The interactions of high-peak power laser light focused to extremely high intensity, or ``extreme light,'' is at the core of high-energy laser-driven electron accelerators, and novel laser-synchrotron x-ray light sources. The hallmark of extreme light is its ability to cause the instantaneous electron quiver motion to become relativistic. We discuss recent progress in understanding the physics of extreme light, and the advanced electron and x-ray technologies that it drives. Through the mechanism of relativistic self-guiding, focused light from our 100-TW Diocles laser was propagated in plasma at relativistic intensity for distance of 1 cm [corresponding to over 15 vacuum diffraction (Rayleigh) ranges]. As a result of this extended propagation length, electrons were accelerated by a laser-wakefield to near GeV energy in a well-collimated beam. The electron beam was measured to be tunable over a wide energy range, 100 -- 800 MeV, with 5-- 25{\%} energy spread, and 1-- 4-mrad divergence angle. The experimental results were found to be in reasonable agreement with the results of numerical simulation, which predict even higher electron energy (multi-GeV) with our recently upgraded peak laser power ($>$0.5 PW).

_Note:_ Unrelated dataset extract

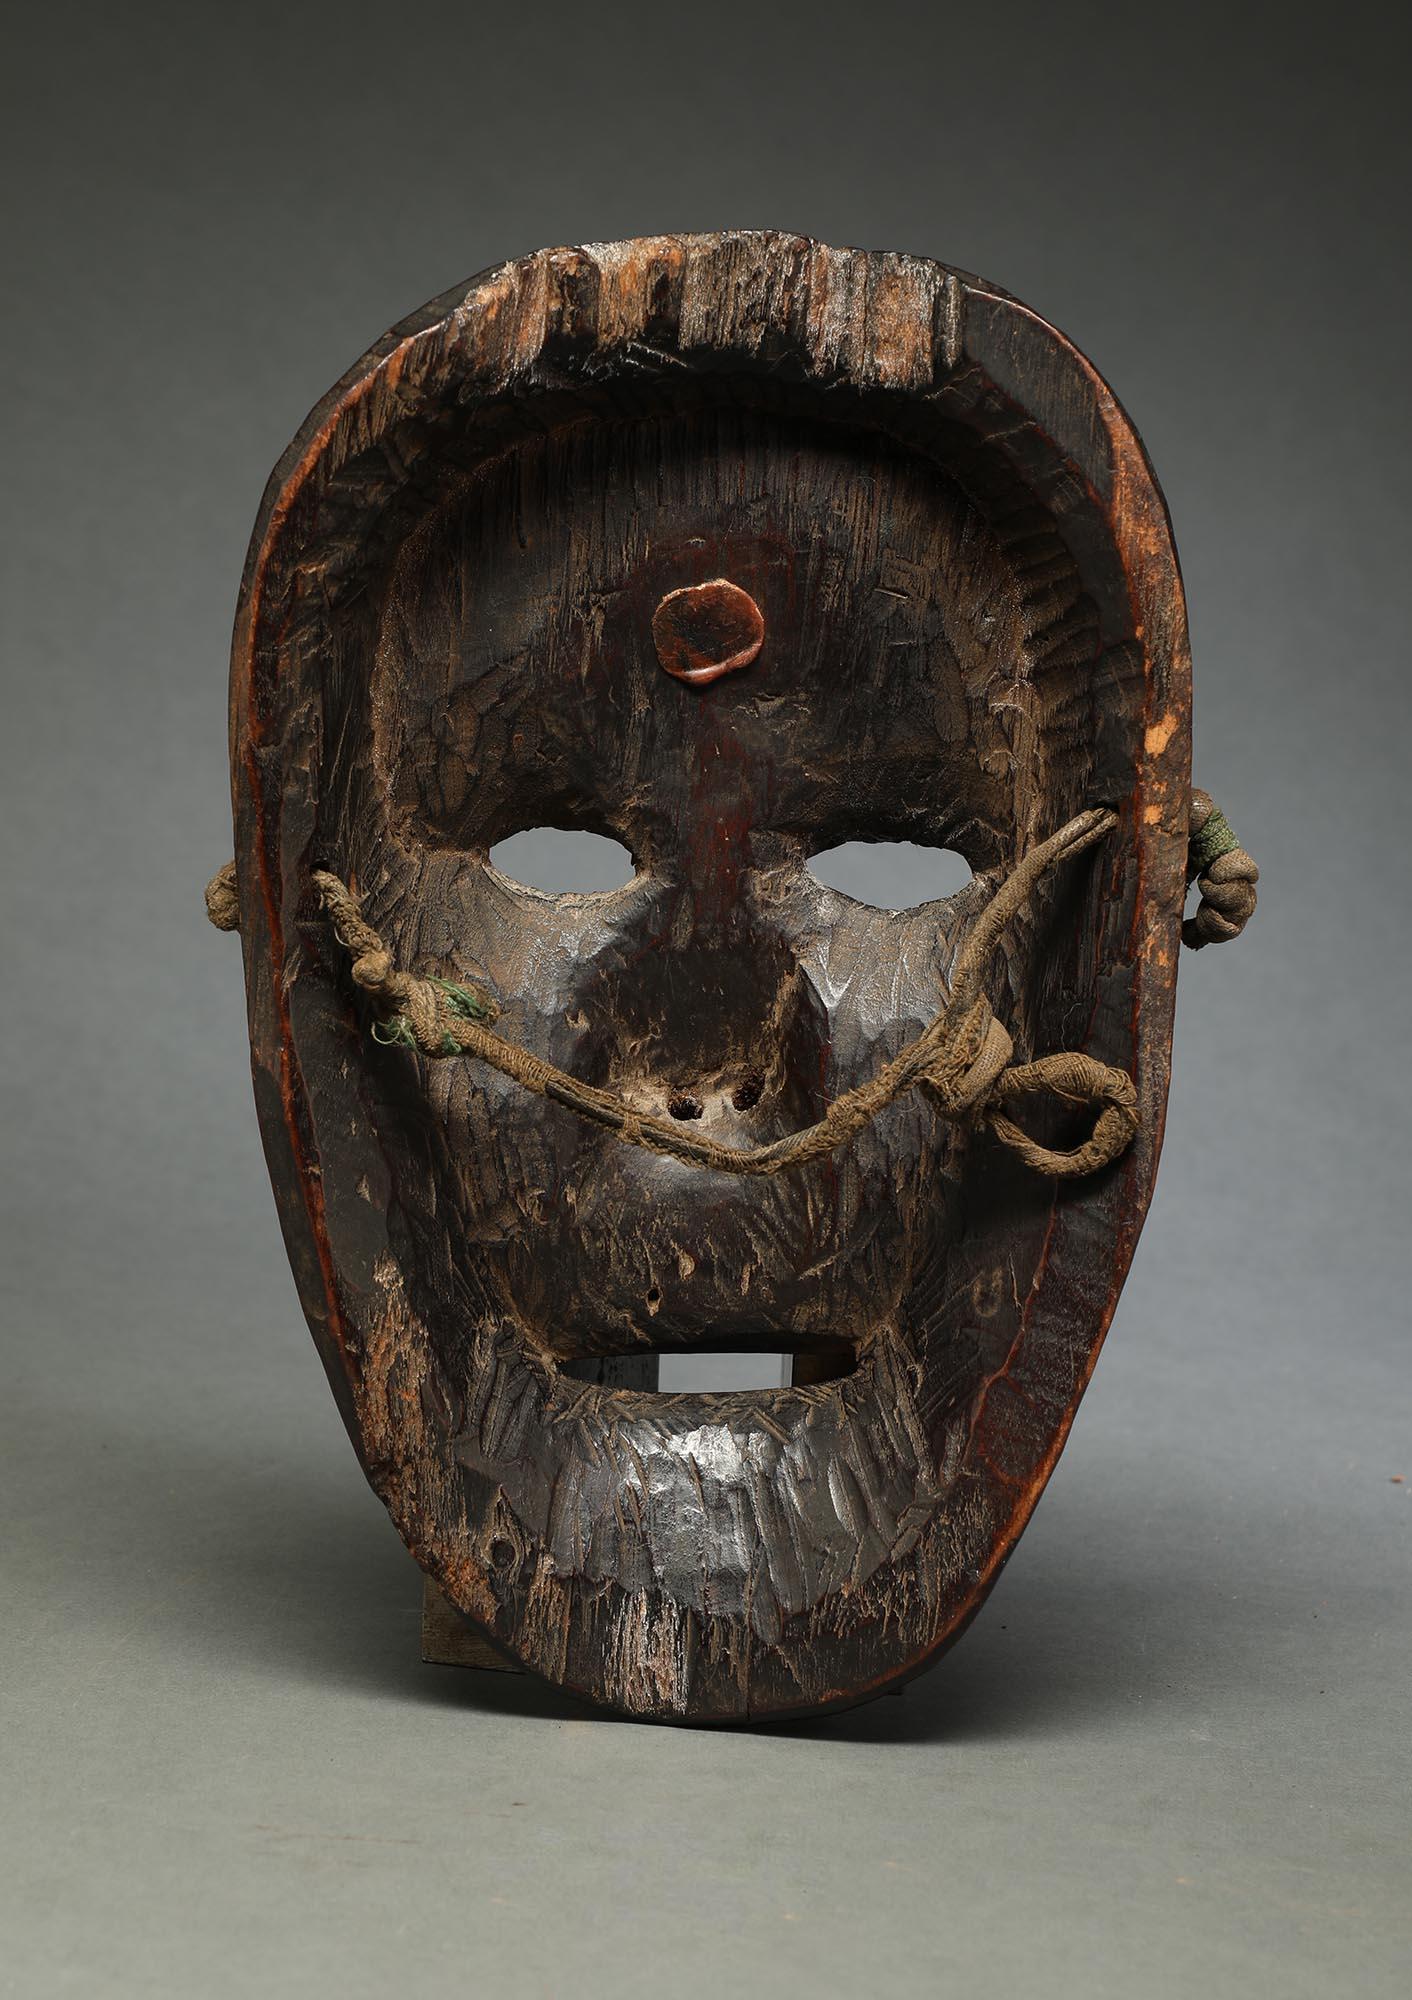 Tribal Nepal Dance Mask Oval Face with Open Mouth Teeth, Late 19th-Early 20th Century
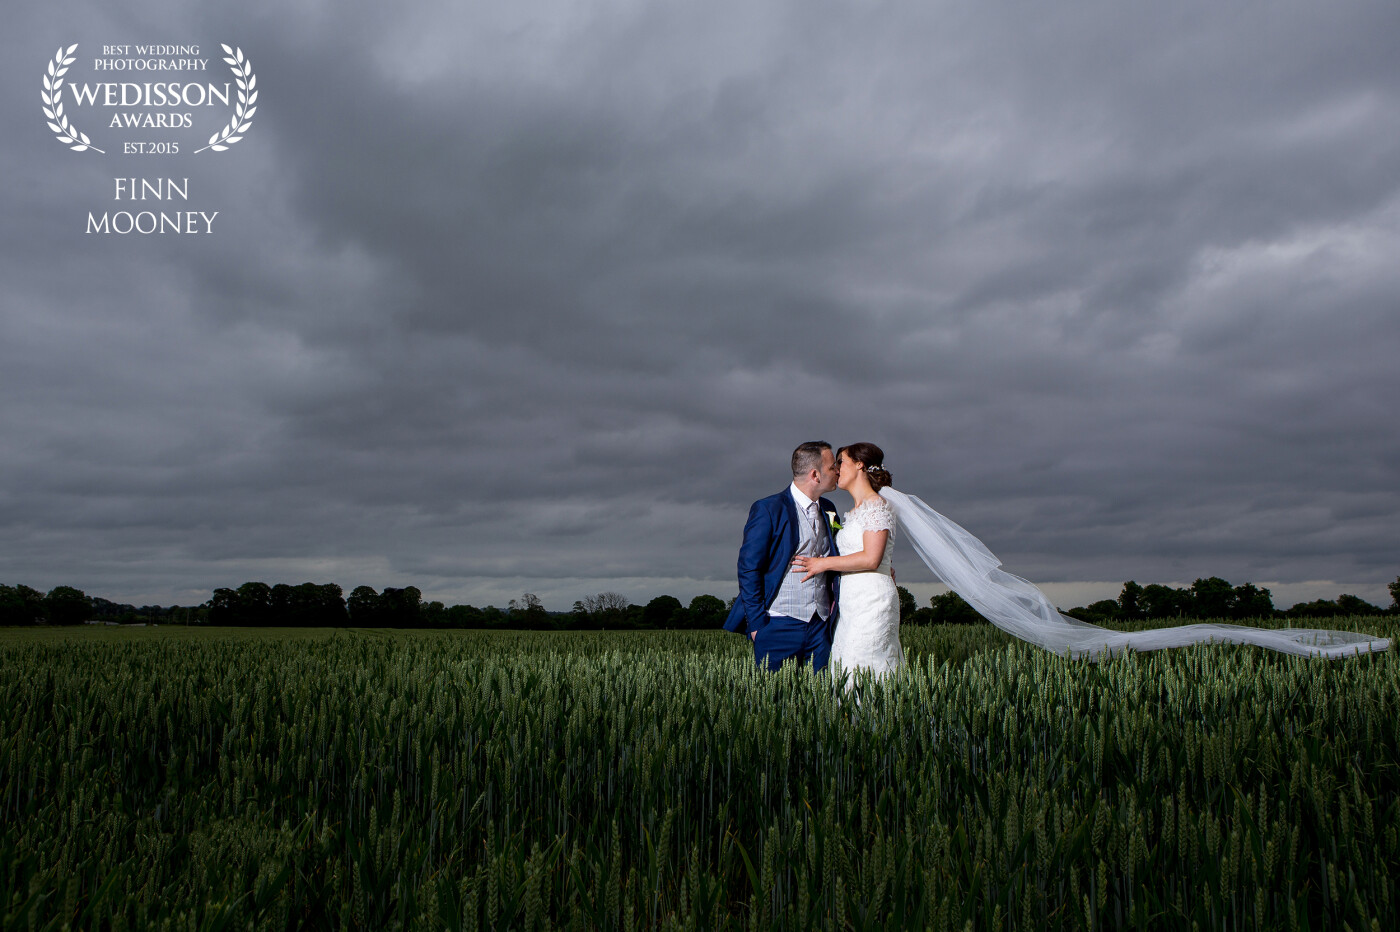 The wedding of Johnathan + Richelle, a really lovely relaxed and fun couple. We were on our way from the church to the reception venue and seen this beautiful field, so decided to stop for a shot, the crops were the perfect height for the veil to sit on and allow a strong composition.

These characteristics, along with their lack of any measurable amount of dark-current, make these electron beams good candidates for driving synchrotron x-ray sources. The development of one such x-ray source will also be discussed, one driven by inverse Compton scattering of laser light by laser-accelerated electrons. Its small radiation source size ($\sim $ 10 microns) and low angular beam divergence ($<$ 10 mrad) make it quite promising for applications in radiology. By virtue of its ultra-short pulse duration ($<$ 10 fs) and wide energy tunability (10 keV -- 10 MeV), it can also be used to probe matter with atomic-scale spatial and temporal resolution---simultaneously.